Raspberry Pi Pico W Port (BTstack Integration)

The Pico W port lives in libs/elec_c7222/ble/gatt/platform/rpi_pico/attribute_server.cpp and wires the C++ layer into BTstack’s C callbacks:

  1. ATT DB registration
    att_server_init(att_db, att_read_callback, att_write_callback) registers the compiled DB and the C callbacks.
  2. ATT DB parsing
    The port parses the binary att_db blob into Attribute objects and calls InitServices() to build services/characteristics.
  3. Read/Write callbacks
  4. Security updates
    The platform glue updates the server’s cached security level and authorization state based on GAP/SM events so CCCD/SCCD writes are validated correctly.

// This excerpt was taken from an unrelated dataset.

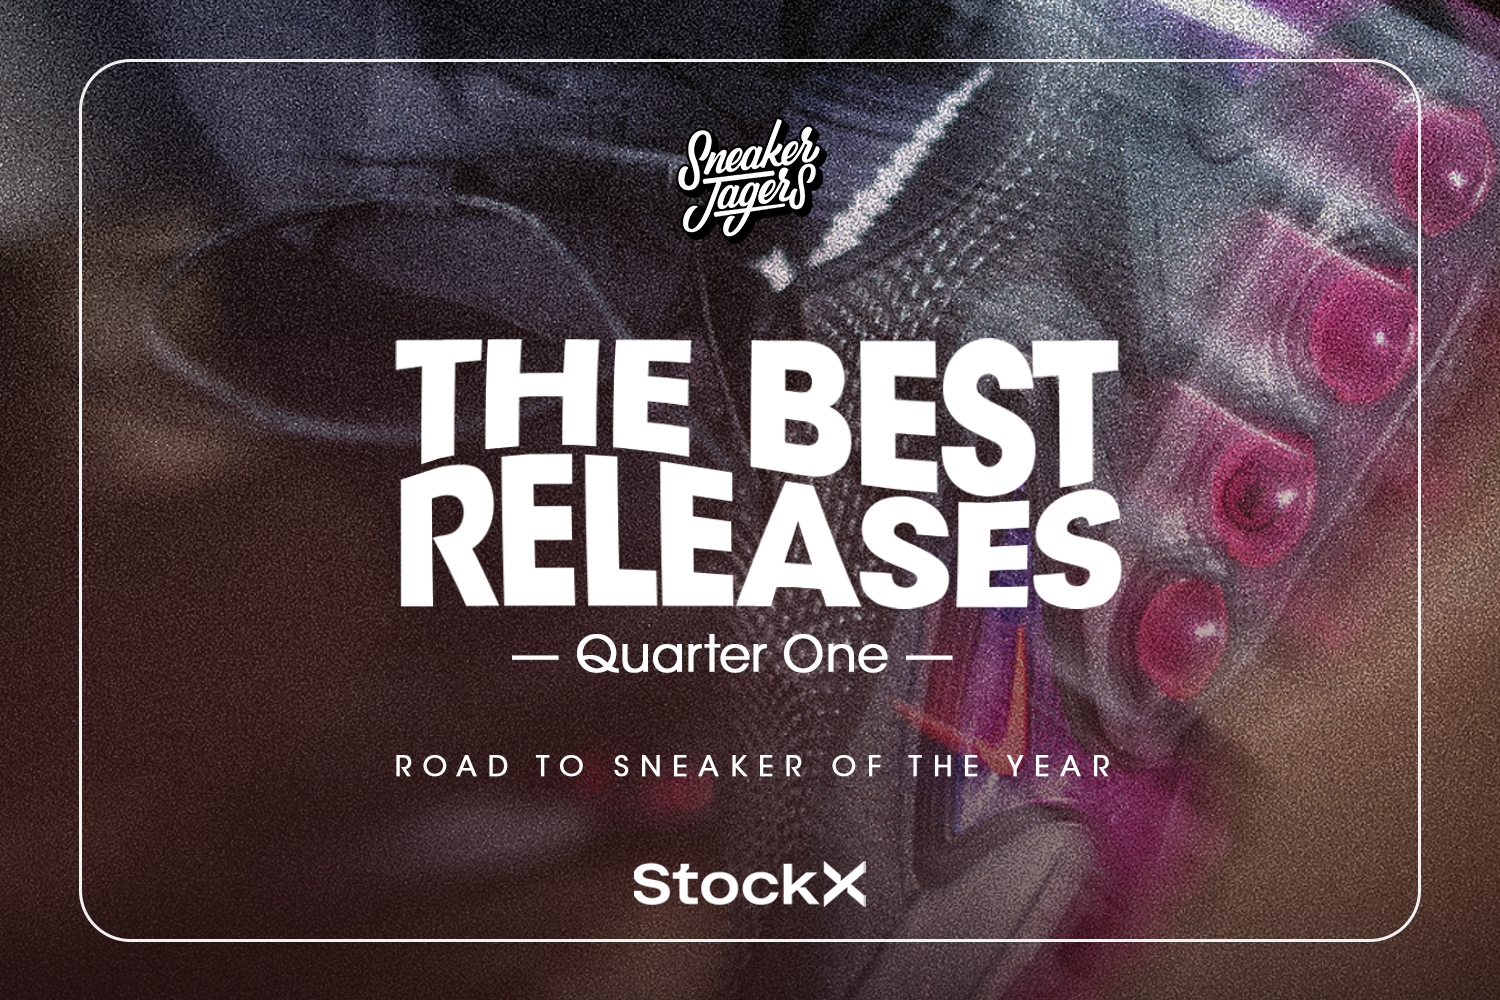 Sneakerjagers Road to Sneaker of the Year giveaway - winnaar bekend
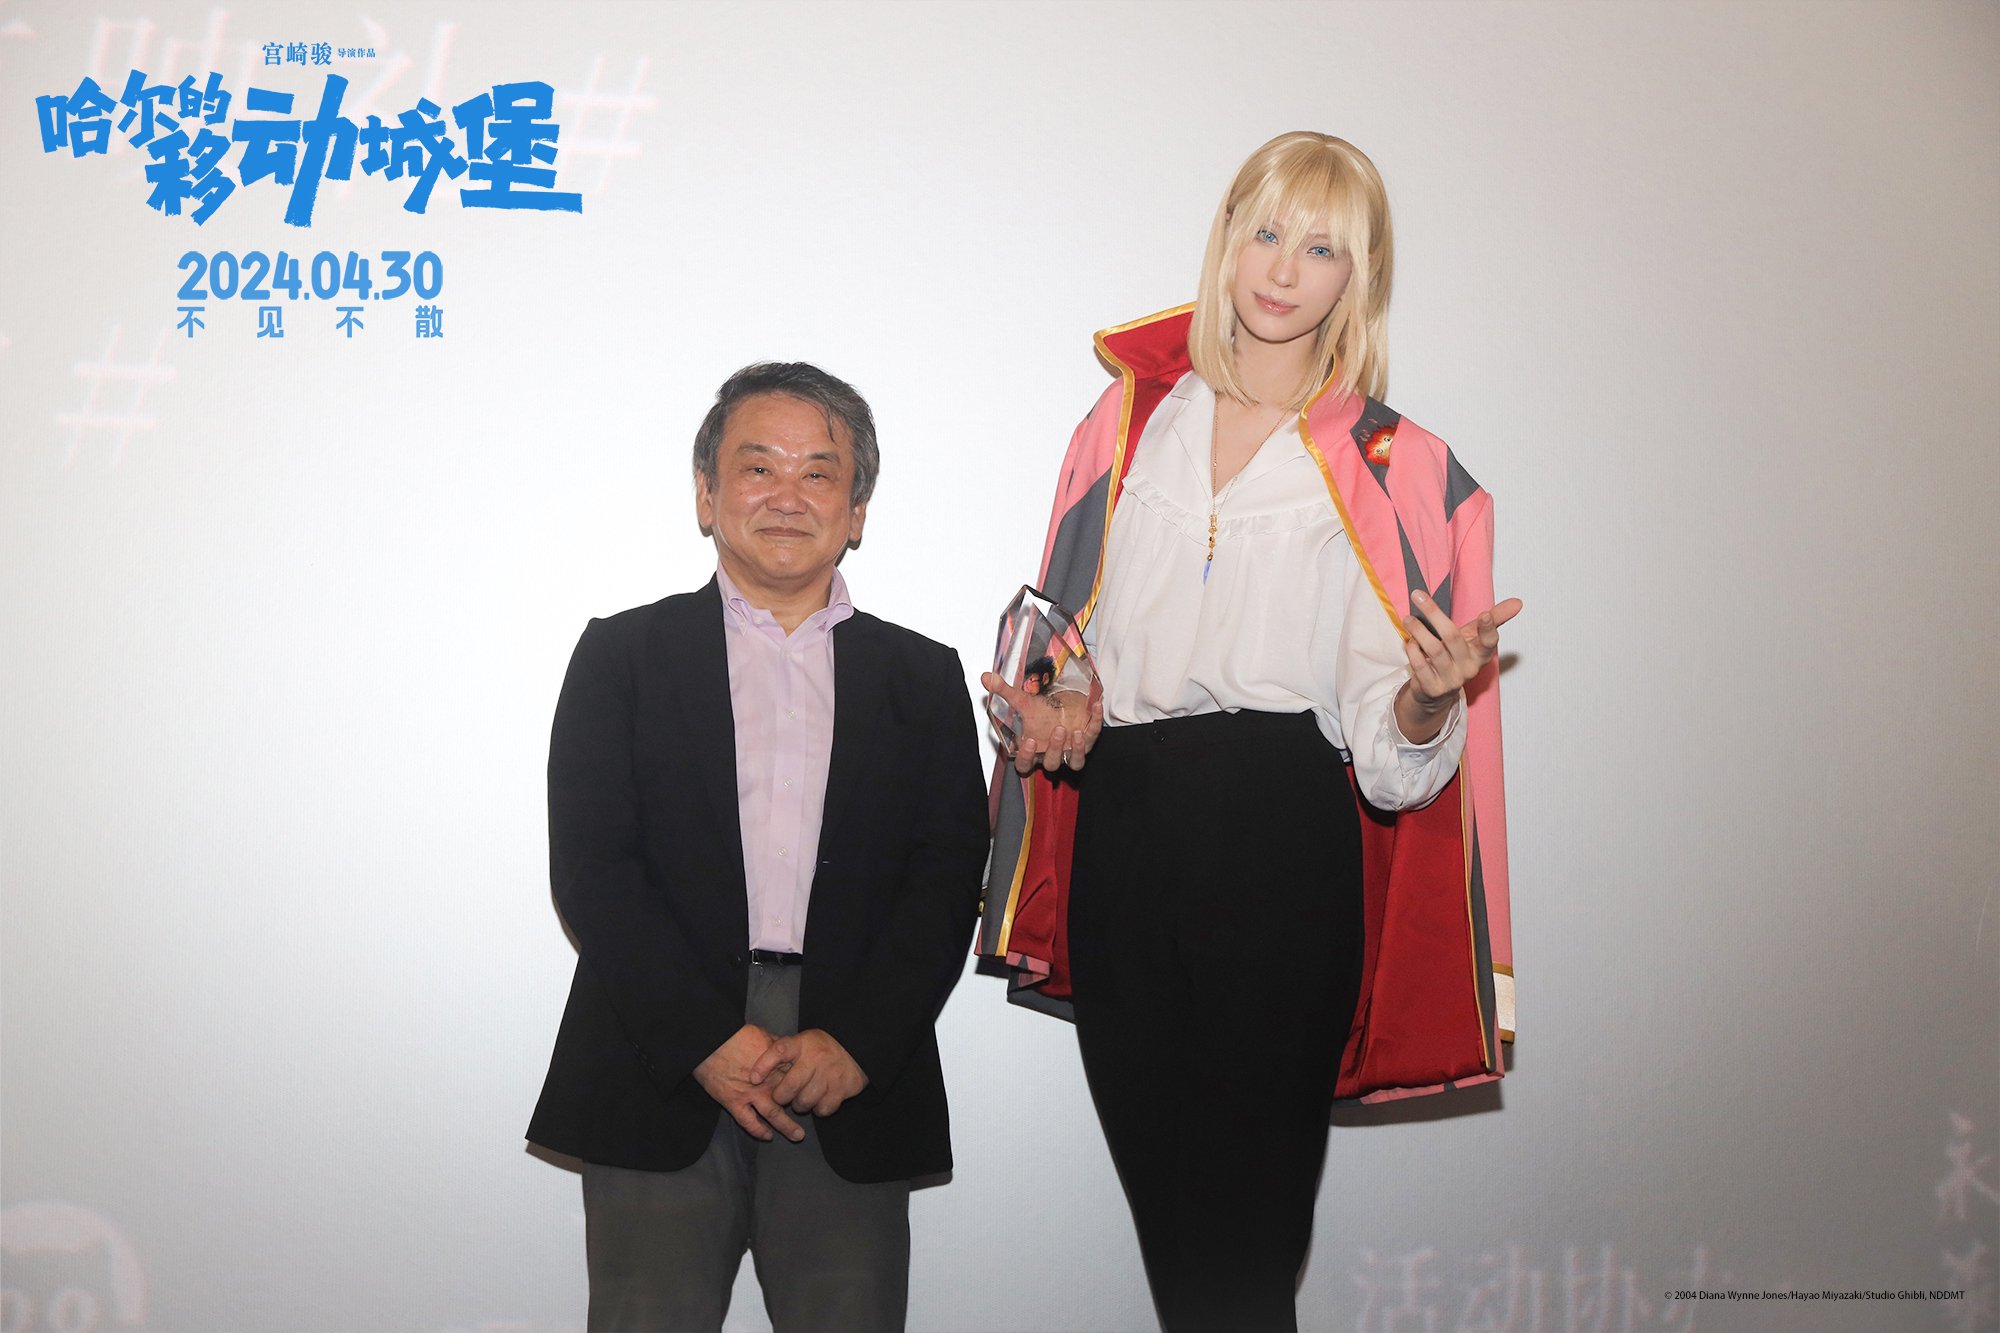 西冈纯一为卡琳娜颁发了“二次元造梦者”的奖杯

Why the C++ Encapsulation Helps with BTstack

BTstack provides a low‑level C interface: raw ATT DB bytes, handles, and callback functions. The C++ wrapper adds:

  • Structure: parsed Services/Characteristics map handles to intent, reducing manual handle tables.
  • Safety: Attribute separates static vs dynamic storage and centralizes permission checks.
  • Extensibility: c7222::Characteristic::EventHandler provides semantic hooks (CCCD changes, indication complete) without re‑implementing ATT logic.
  • Consistency: the same routing logic works across platforms; only the parsing/registration glue is platform‑specific.